Laura Ingraham wrote a book several years ago called Shut Up and Sing: How Elites from Hollywood, Politics, and the UN Are Subverting America. She also suggested that actors and actresses should act on stage and screen rather than take their frequently inane opinions so seriously.

Cameron Diaz obviously hasn’t read the book. Ms. Diaz, who is in an “awesome” relationship with Alex Rodriguez, who, I am told, is a basball player, has recently expressed her opinion on the institution of marriage. She thinks it’s on its last legs and that those legs aren’t as shapely as Ms. Diaz’s.

Noting that “when an actress-no an artist-the caliber of Cameron Diaz weighs in on the future of social institutions, America has an obligation to listen,” David Harsanyi has responded:  

Women with higher education levels are increasingly marrying. These are also presumably women who are likelier to have the economic freedom not to be married. So why do they do it?

I found studies and stories claiming that married Americans are healthier – less likely to get pneumonia or develop cancer or have heart attacks or dementia – than non-married Americans. According to other studies, married people live more content lives and are less likely to commit suicide (granted, a pretty low bar of happiness, but still) or worry. Married couples are better off financially, and their children are usually more successful.

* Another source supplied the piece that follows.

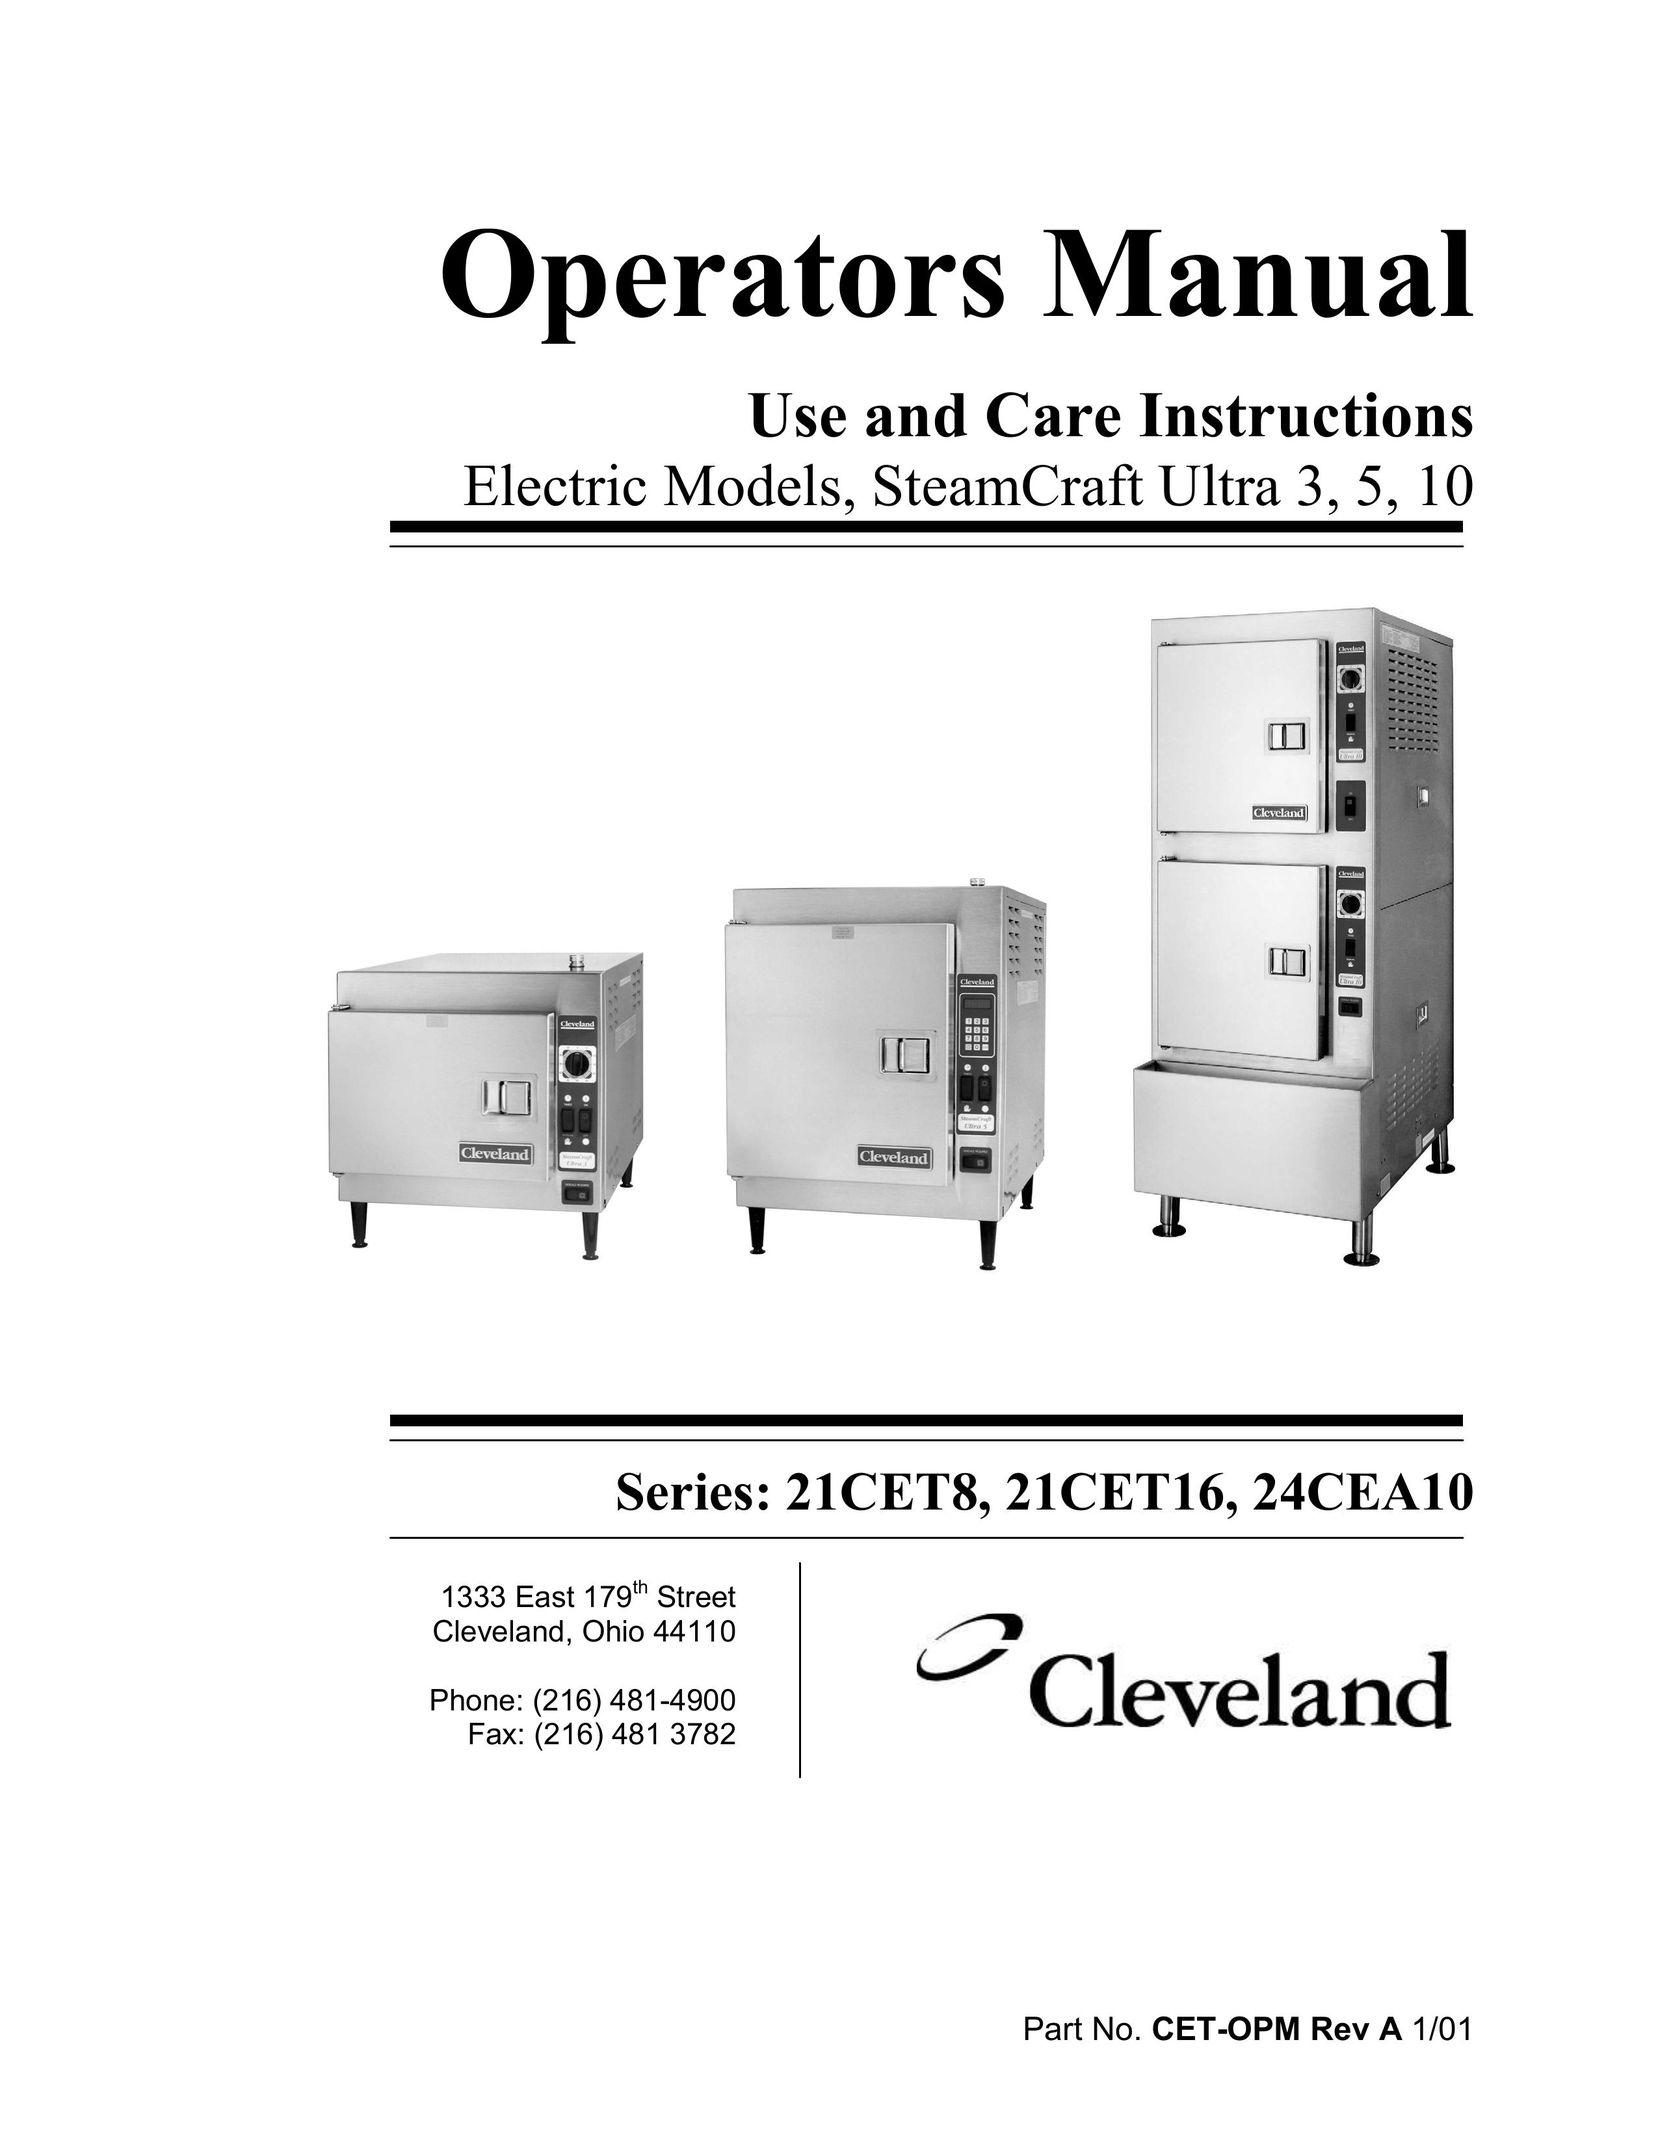 Cleveland Range 24CEA10 Electric Steamer User Manual

Why are couples staying together? Like Diaz, we can hypothesize. Perhaps the rise of connective technology has created marriages based more on compatibility than immediacy or luck. Perhaps we have readjusted to our life expectancy and marry later and thus more smartly. Whatever the reasons, marriage can bring a healthier life.

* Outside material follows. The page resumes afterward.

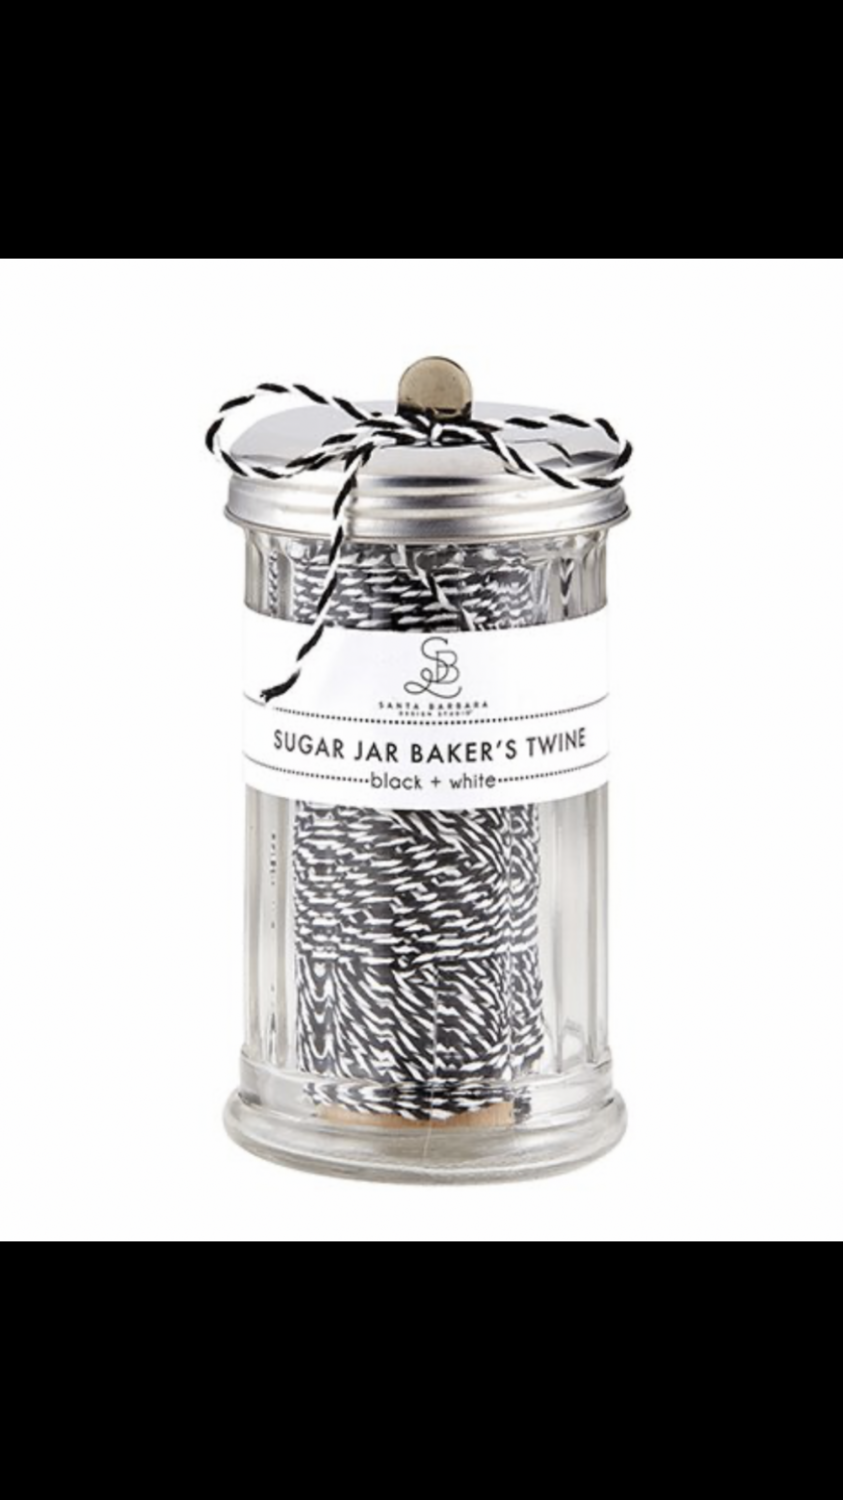 Sugar Jar Bakers Twine - Black and White

This is not a moral observation of a traditionalist, but indisputable. There is innate need pulling us to marriage. It’s been around from prehistory, and it has taken many forms – polygamy, polyandry and my historical favorite, polyfidelity – but it’s never been close to passing on. Today we’ve settled on monogamy, and it has brought great stability and structure to society. It’s probably busy readjusting rather than dying.

I’d prove this firsthand to doubters, but alas, Cameron, I am spoken for.

By the way, Ingraham fans were delighted at her witty and dismissive response to the non-witty Ed Schultz’s calling her a “slut.” A Washington Post blogger offers Schultz a helpful etiquette tip:

And in general, calling people sluts is not a good idea, even in the sense that one sometimes calls people cabs – “Oh, it’s past 8:00 p.m.; we should contact Mark.”